The words slapped Archie across the face, sending him into a momentary daze. Nori continued eating in blissful ignorance.
“Yeah,” Archie sneered. “It just means that you’re a Chef. You know, just like one in every what…one, two thousand people? How unexceptional.”
Nori leaned back, stiffening her neck in an exaggerated movement. “Saaaaah-ree.” She returned to eating with a nonchalance that matched her tone. “Being a Chef is cool, yeah. But like, being an Orange Jacket Chef is whatever. It’s…the bare minimum.”
Another slap.
“My parents are Orange Jackets.”
Nori scrunched up her face in momentary confusion. “I thought you said you were from some big family of Chefs.”
Slap slap.
“They dropped out of the Academy when my grandfather died.”
“Oh. Sorry. But I mean, they could have still tested for a higher rank. Was your grandfather a Chef? What rank was he?”

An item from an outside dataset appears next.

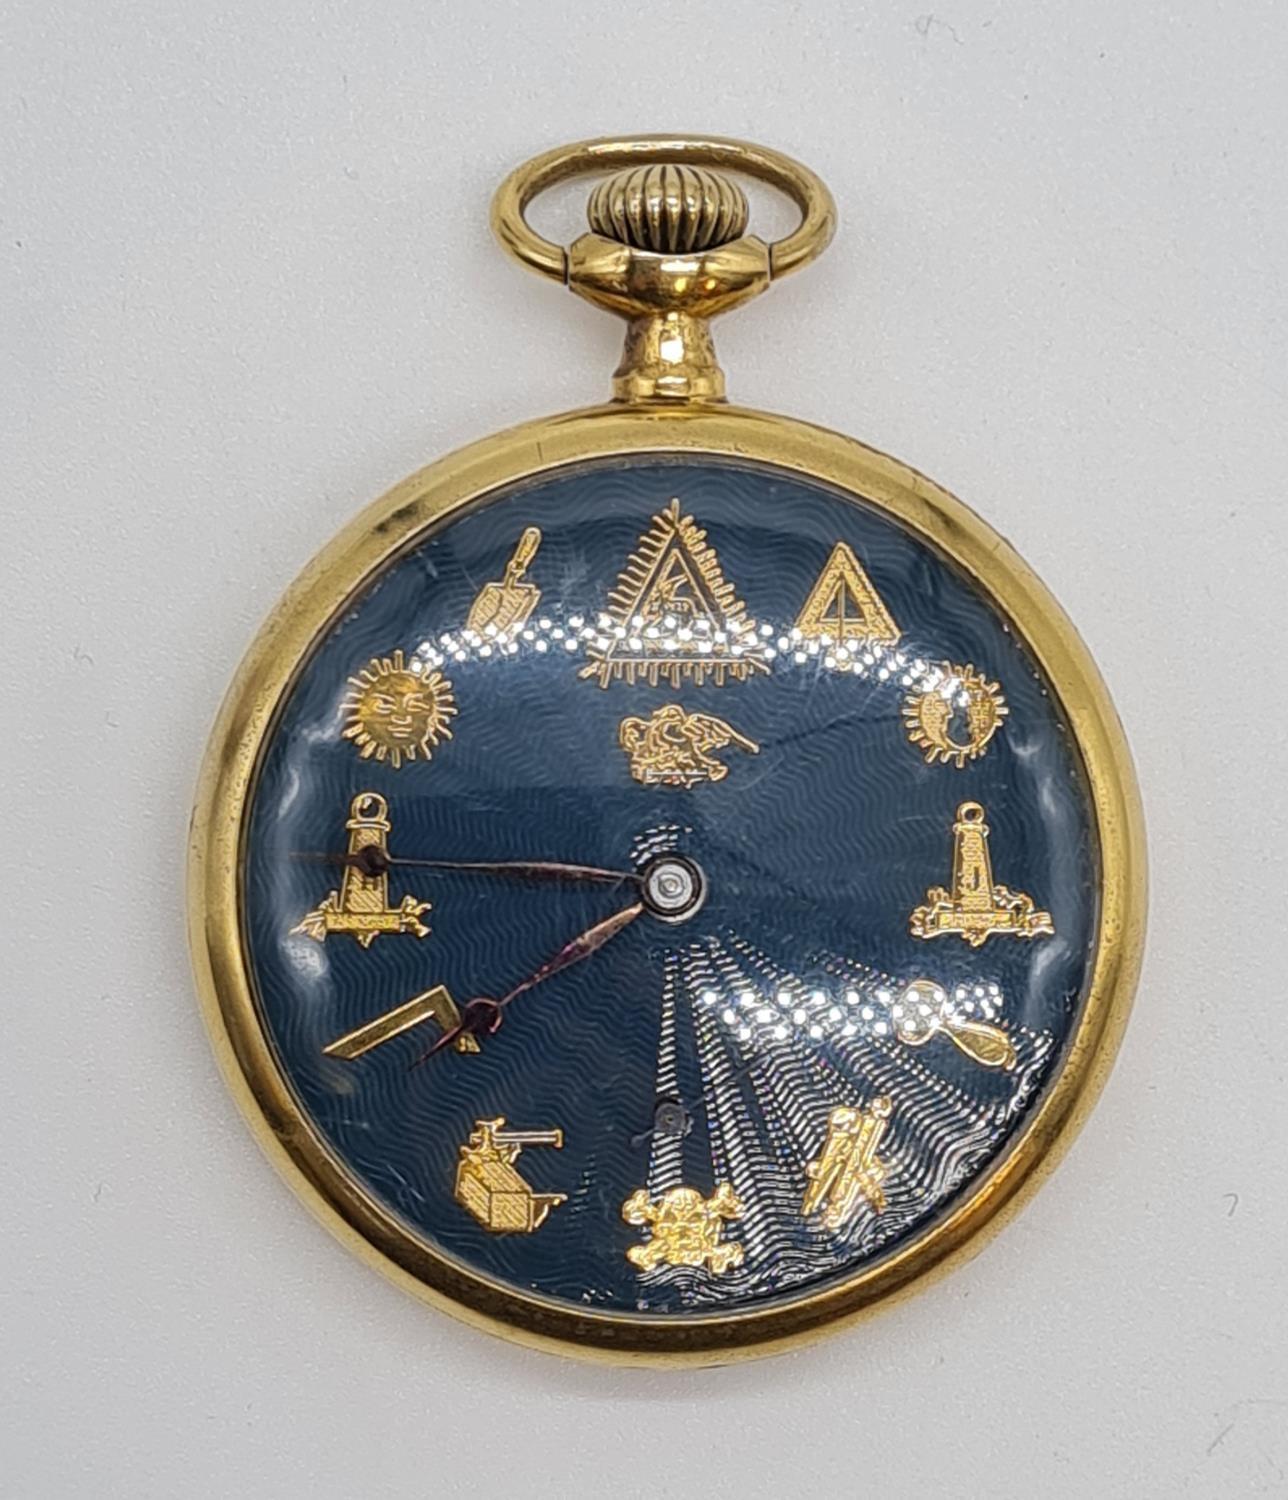 Omega Masonic Pocket Watch with rare Blue face, full working order

Archie sucked on his teeth. He knew little of his grandfather. Arty had never been in the mood to talk about him. Archie only knew two things about the man—he graduated from the Academy still an Orange Jacket and he started the long, slow process of turning Sain into a ghost town by ruining the area with magically infused salt.

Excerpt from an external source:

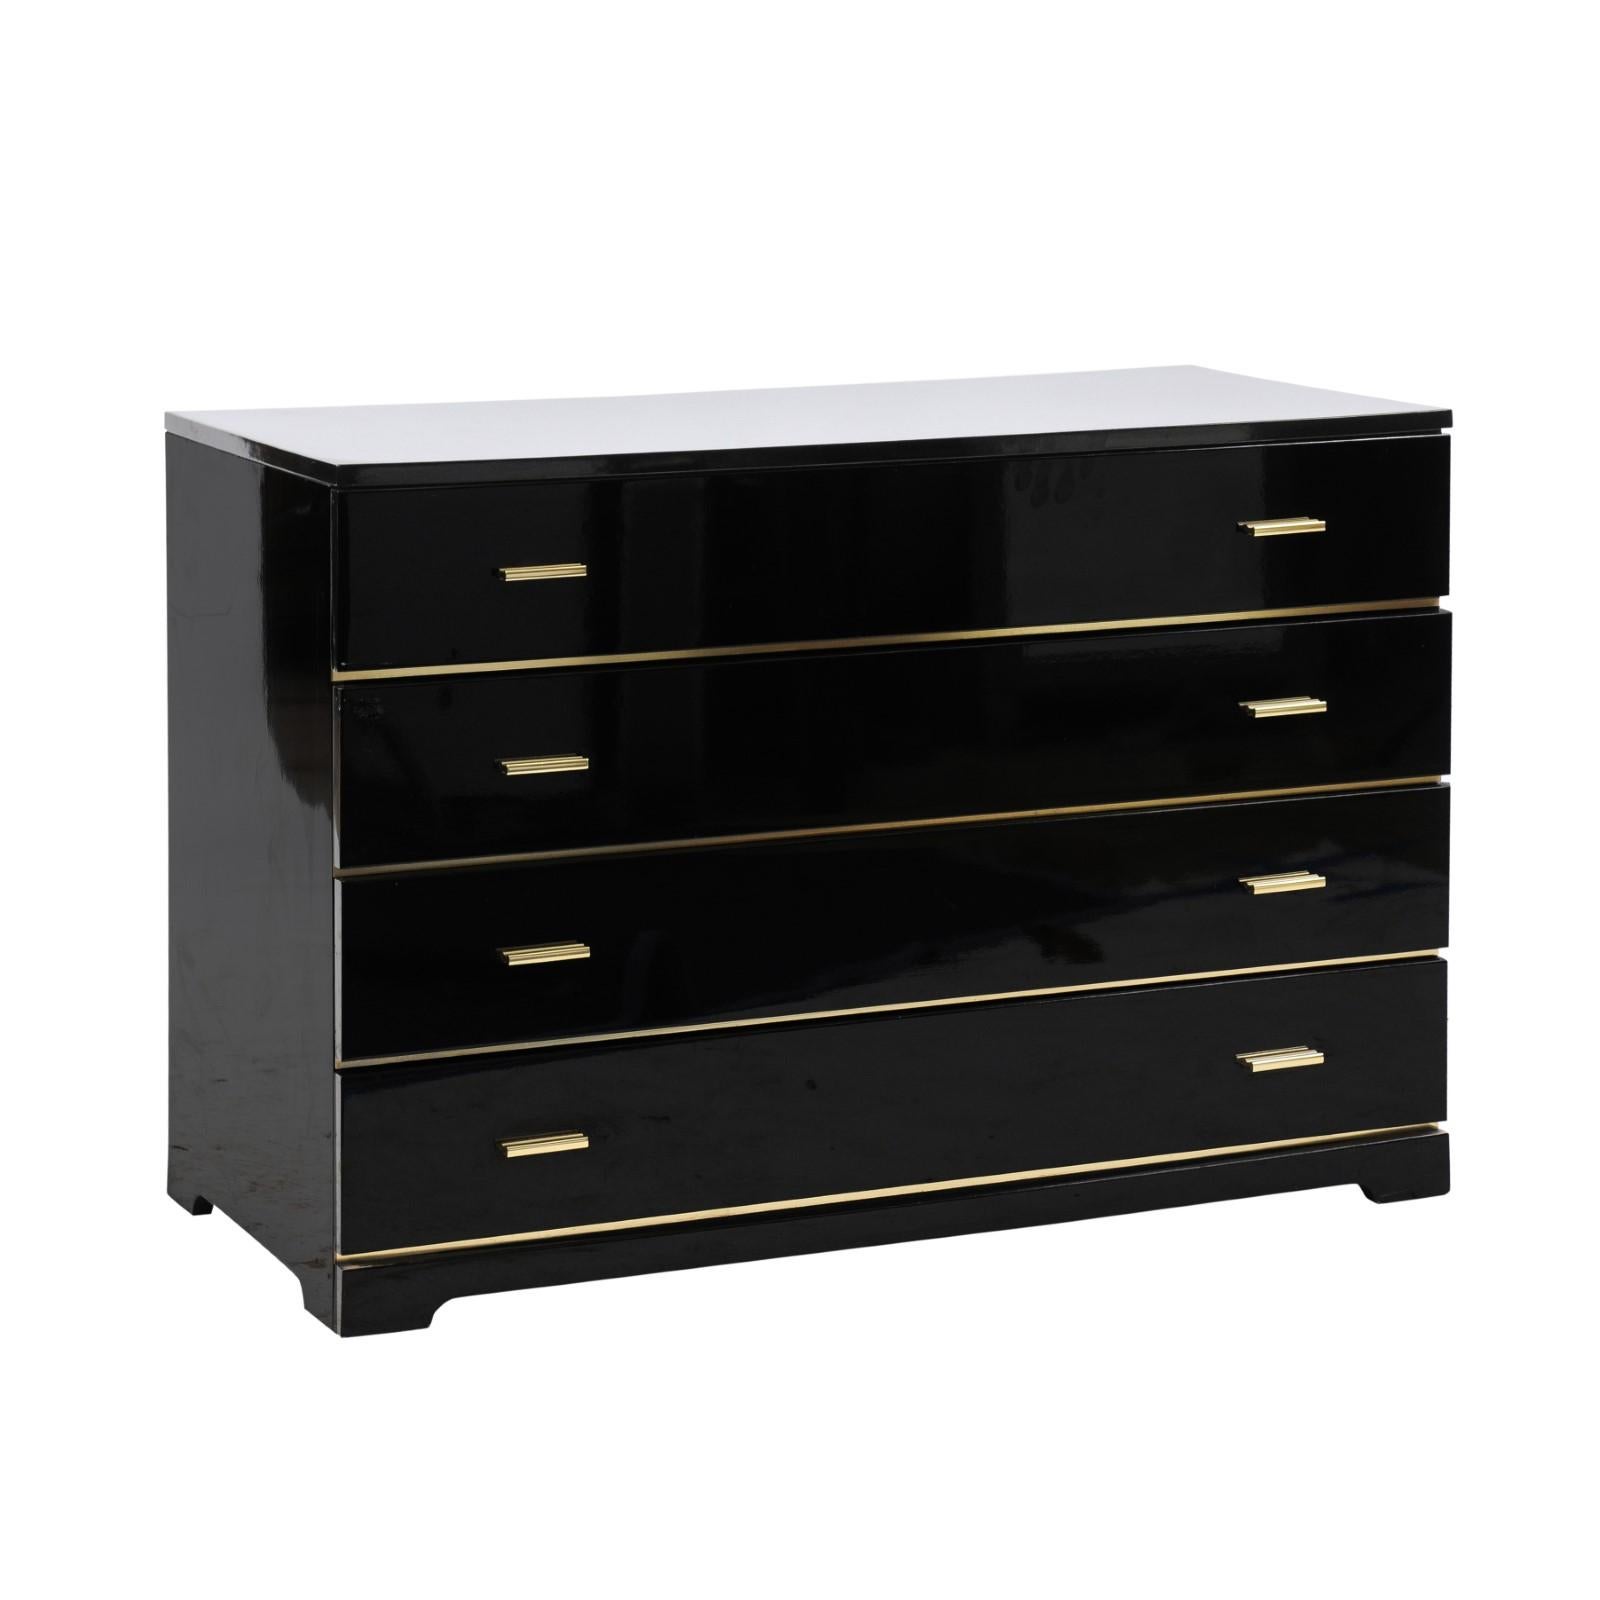 French Roche Bobois 1960s Four-Drawer Black Lacquer Dresser with Brass Hardware

Archie had to force the word out of his mouth. “Orange. But his father was a White Jacket.”
Nori shrugged. “Oh. Okay. I can see why it’s a big deal to you, then.”
Slap slap slap.
“So what, your family is just full of White Jackets, then?”

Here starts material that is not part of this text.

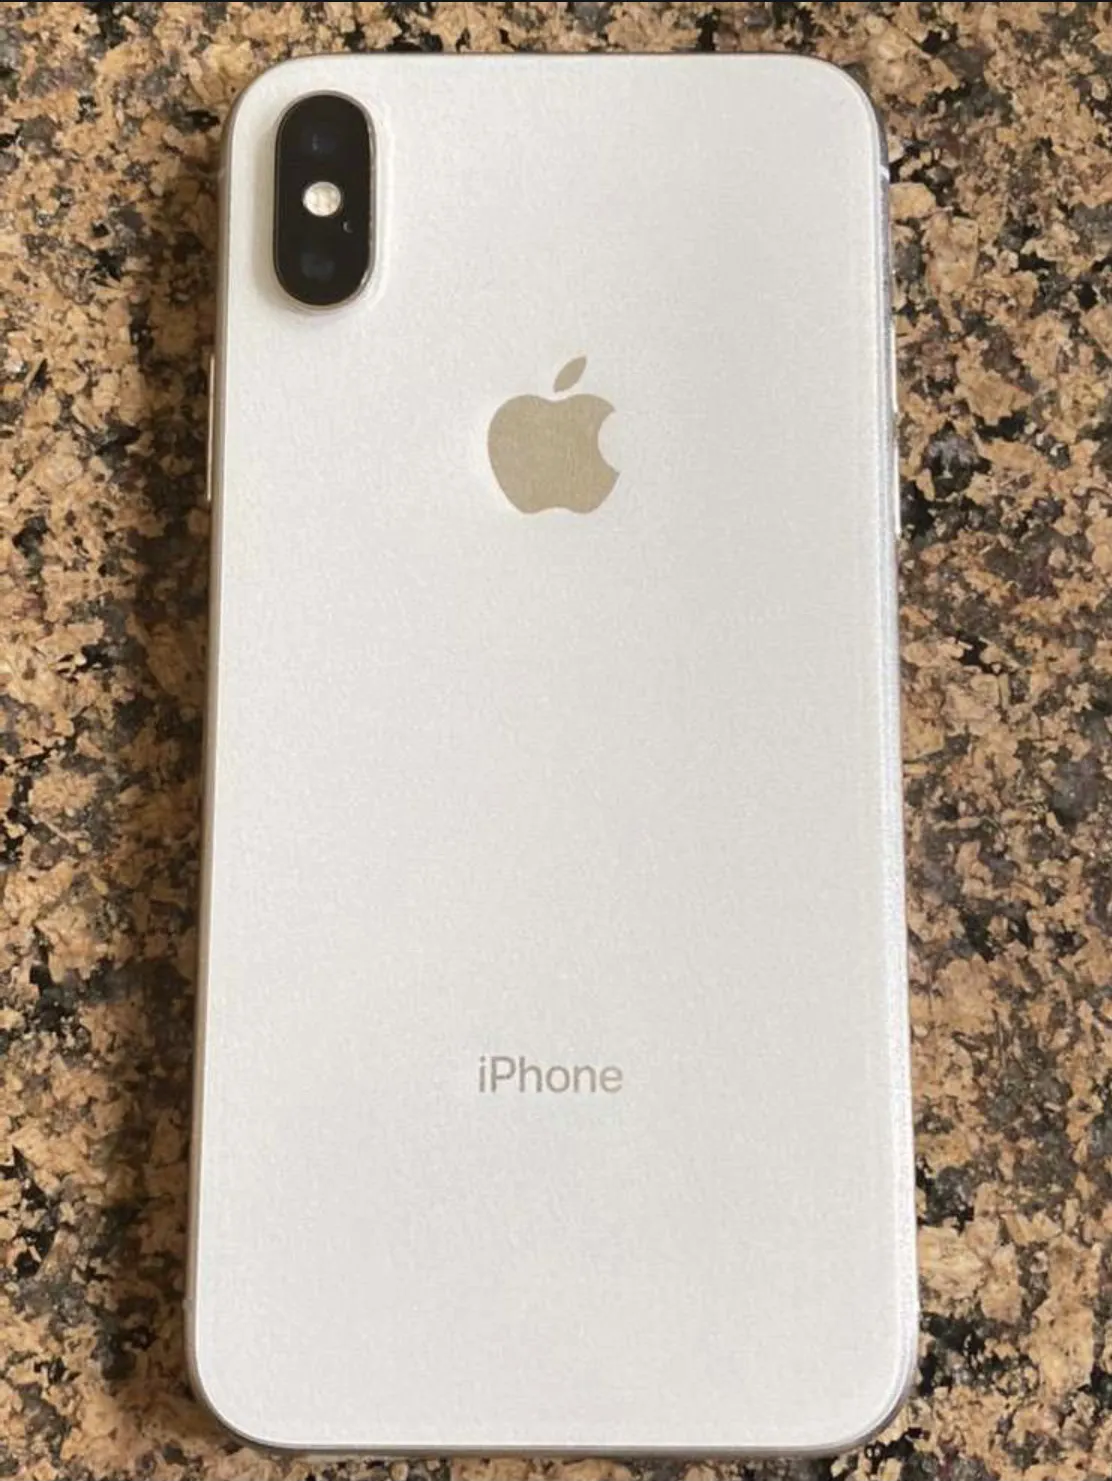 Iphone x 64gb in silver/white - photo 2

Nori spoke through her full mouth. “My dad’s a White Jacket. My mom’s a Black Jacket, but I don’t think they’ll ever let her be a White Jacket. Not that she’s not good enough. And I have some other Black Jacket cousins. I guess that’s why it’s not a big deal to me. I’ve known since I was three that I was going to get an orange jacket. It’s the colors that come after that matter.”
Archie exhaled through his nose. “You manifested at three years old?”
“Yeah. When did you?”
“Last week,” Archie said flatly.
Nori nearly spit out her food as she contained a laugh. Archie glared at her as she coughed.
Slap slap slap slap.
“Sorry, that’s just…” She cleared her throat and swallowed. “That’s dramatic. You must have been nervous.”
“Yeah.” Archie spoke with the accumulated bitterness of so many failed festivals that had ended with him crying. “A little nervous. You don’t know what it’s like to go your whole life not knowing if you’d be a Chef or not.”
Nori seemed unbothered.
“You mean your whole life so far. You get to go the rest of it knowing, so that’s nice. And since your parents are just Orange Jackets, it’ll be easy to make them proud. At least you have that going for you. I’ve already disappointed them by staying here. They’d have me killed if I stalled out anywhere before a Black Jacket.”
Just Orange Jackets.
Slap slap slap slap slap.
Archie embraced his rising bitterness and used it to sharpen his voice into a point at Nori. “Yeah, it’s nice to have all the pressure of the family name riding on me. Otherwise I might have become an entitled brat and show up late just to have someone else hand me my jacket.”
Nori seemed bothered.
She set down her fork, took a deep breath, and looked Archie in the eyes. “Yes, Archie, you’re the only one with problems. Tell you what, at the end of the school year, when they give me my yellow jacket, I’ll be sure to be on time. Try not to drop out by then.”
Knockout punch.
Archie jumped up and stormed off. He wanted nothing to do with Nori, spoiled brat that she was, but only managed to get two steps away before the cruel irony of destiny strode through the door.
“Archie!” Rowan said as he entered the great hall. “And you must be Nori. I’m Rowan. I hope you two are ready to spend the year together!”